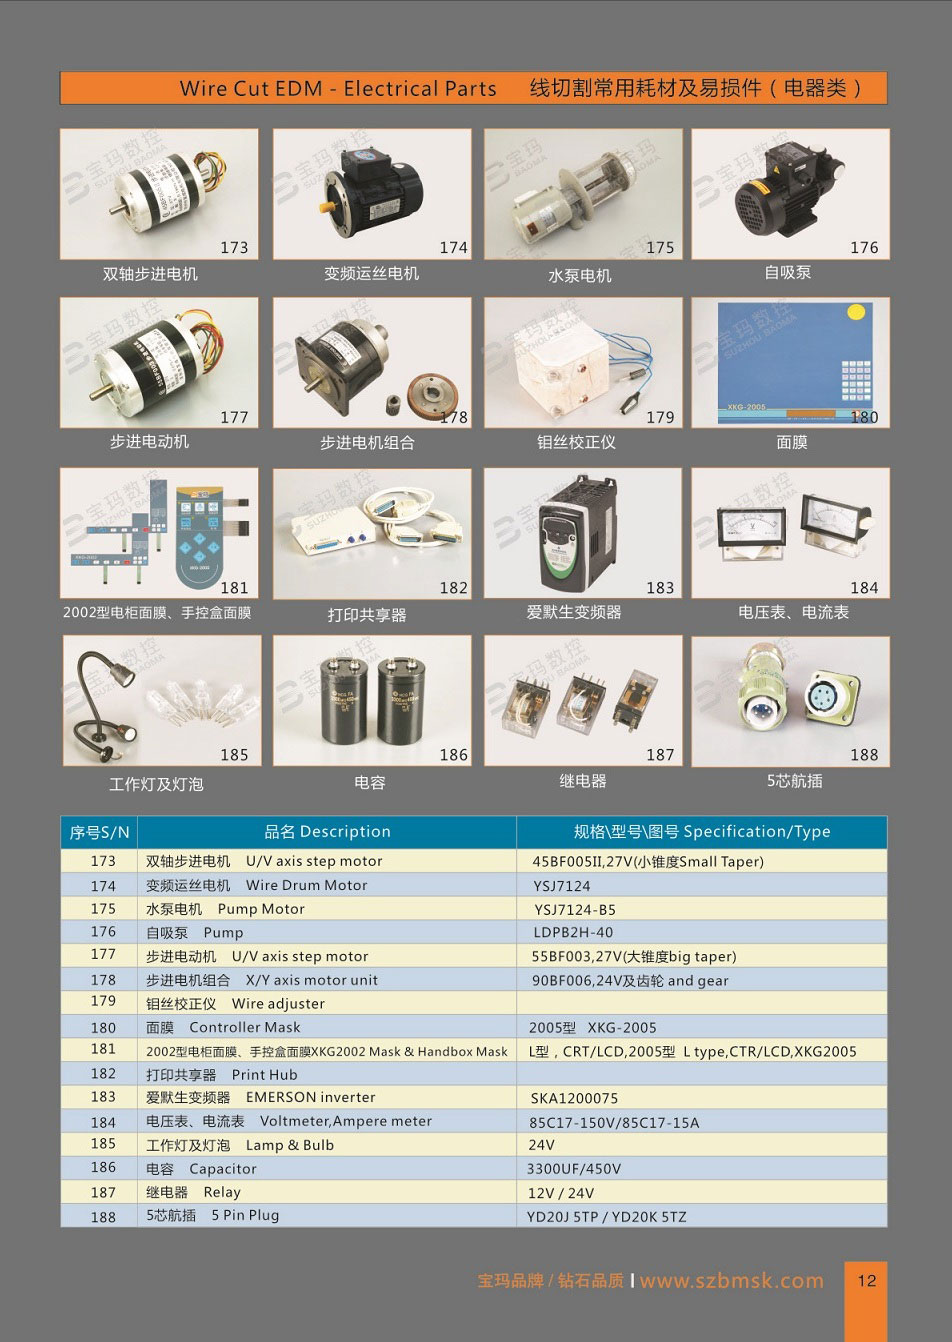 PCB Cards and other Electrical Parts for Wire Cut Machines
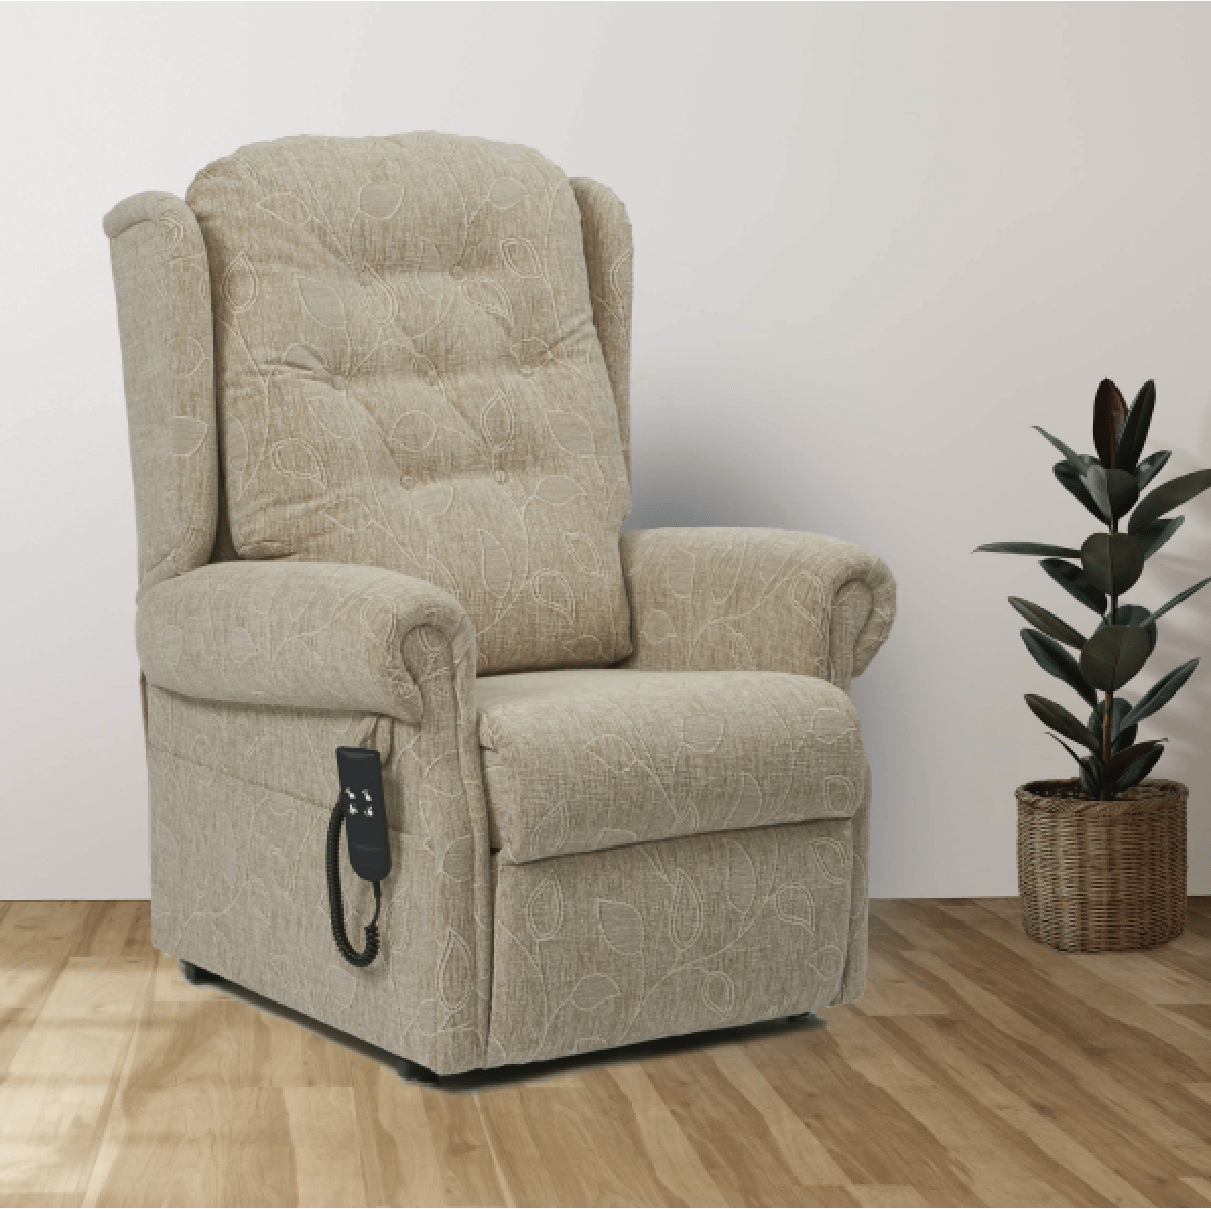 Riser Recliner Chairs, Riser Chairs & Adjustable Chair For Elderly
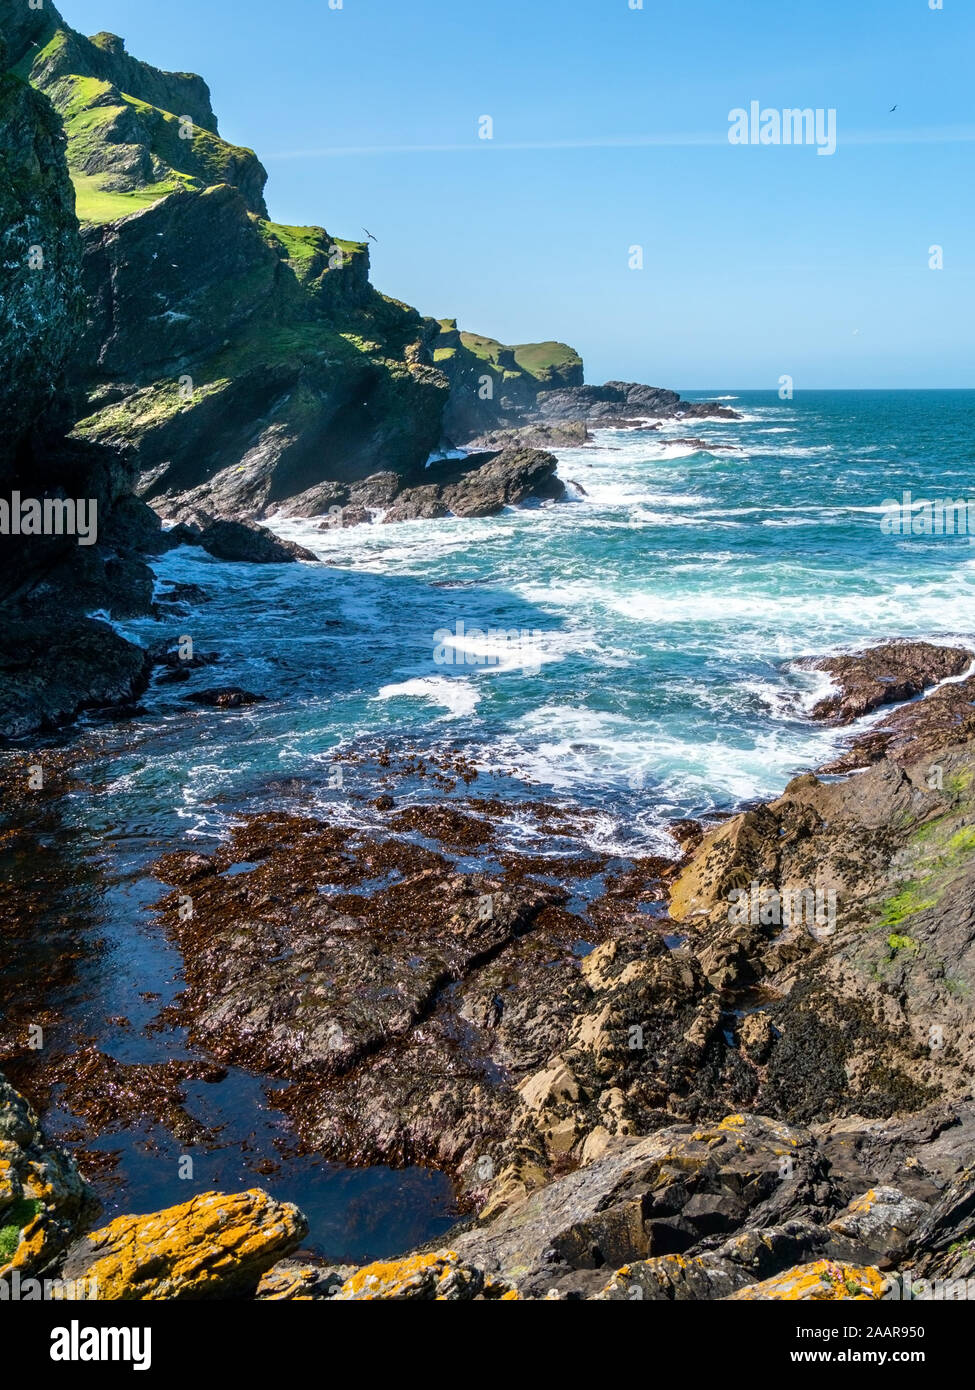 Sea cliffs, waves and surf at Pig's Paradise,Isle of Colonsay, Scotland, UK Stock Photo

- Description of the task -
Repeat the lines above precisely and skip every picture.

- Exercise output -
 PCB Cards and other Electrical Parts for Wire Cut Machines
 Riser Recliner Chairs, Riser Chairs & Adjustable Chair For Elderly
 Sea cliffs, waves and surf at Pig's Paradise,Isle of Colonsay, Scotland, UK Stock Photo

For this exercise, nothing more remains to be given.